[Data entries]
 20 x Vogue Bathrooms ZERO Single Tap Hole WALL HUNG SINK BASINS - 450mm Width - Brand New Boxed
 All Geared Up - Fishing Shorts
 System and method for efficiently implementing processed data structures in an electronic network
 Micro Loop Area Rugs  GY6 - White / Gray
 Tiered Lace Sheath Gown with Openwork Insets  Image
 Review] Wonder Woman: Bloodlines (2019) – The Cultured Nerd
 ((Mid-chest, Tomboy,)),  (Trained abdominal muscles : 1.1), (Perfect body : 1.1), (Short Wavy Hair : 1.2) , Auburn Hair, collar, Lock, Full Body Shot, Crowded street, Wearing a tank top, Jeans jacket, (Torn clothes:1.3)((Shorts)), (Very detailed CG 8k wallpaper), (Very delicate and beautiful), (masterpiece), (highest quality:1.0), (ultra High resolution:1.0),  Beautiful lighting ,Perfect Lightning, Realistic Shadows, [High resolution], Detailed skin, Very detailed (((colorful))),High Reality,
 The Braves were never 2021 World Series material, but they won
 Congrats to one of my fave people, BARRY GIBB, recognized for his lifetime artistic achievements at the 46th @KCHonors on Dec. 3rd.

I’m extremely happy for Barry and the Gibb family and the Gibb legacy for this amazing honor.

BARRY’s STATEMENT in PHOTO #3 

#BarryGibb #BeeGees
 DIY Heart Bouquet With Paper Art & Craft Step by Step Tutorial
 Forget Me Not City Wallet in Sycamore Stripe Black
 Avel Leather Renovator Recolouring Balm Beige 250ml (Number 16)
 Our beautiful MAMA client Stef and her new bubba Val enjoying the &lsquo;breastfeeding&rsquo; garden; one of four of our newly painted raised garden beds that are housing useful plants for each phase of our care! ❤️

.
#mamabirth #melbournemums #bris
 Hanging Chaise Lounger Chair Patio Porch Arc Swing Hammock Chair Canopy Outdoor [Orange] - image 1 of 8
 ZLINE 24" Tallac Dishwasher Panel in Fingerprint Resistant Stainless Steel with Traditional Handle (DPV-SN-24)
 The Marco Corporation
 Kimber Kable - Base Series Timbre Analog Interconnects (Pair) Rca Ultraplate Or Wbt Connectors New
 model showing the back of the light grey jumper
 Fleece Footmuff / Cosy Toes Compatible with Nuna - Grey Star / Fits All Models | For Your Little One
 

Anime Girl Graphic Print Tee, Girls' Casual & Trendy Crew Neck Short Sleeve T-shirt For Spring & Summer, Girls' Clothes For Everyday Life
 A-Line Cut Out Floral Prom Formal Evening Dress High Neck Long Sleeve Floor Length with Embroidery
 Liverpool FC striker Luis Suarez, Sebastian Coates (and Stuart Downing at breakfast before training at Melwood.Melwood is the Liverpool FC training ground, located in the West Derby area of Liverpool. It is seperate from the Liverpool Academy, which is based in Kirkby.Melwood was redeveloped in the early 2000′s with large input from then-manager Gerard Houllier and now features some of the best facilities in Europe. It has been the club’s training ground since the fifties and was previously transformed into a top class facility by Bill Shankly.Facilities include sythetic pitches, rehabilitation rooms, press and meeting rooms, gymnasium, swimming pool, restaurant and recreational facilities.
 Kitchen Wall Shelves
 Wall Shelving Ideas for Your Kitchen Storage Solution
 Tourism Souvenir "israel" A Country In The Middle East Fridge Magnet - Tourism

**Problem to work on**
Copy the records above exactly, beginning at the line that contains "Traditional Handle (DPV-SN-24)" and stopping after the line that contains "Fleece Footmuff /".

**Task response**
 ZLINE 24" Tallac Dishwasher Panel in Fingerprint Resistant Stainless Steel with Traditional Handle (DPV-SN-24)
 The Marco Corporation
 Kimber Kable - Base Series Timbre Analog Interconnects (Pair) Rca Ultraplate Or Wbt Connectors New
 model showing the back of the light grey jumper
 Fleece Footmuff / Cosy Toes Compatible with Nuna - Grey Star / Fits All Models | For Your Little One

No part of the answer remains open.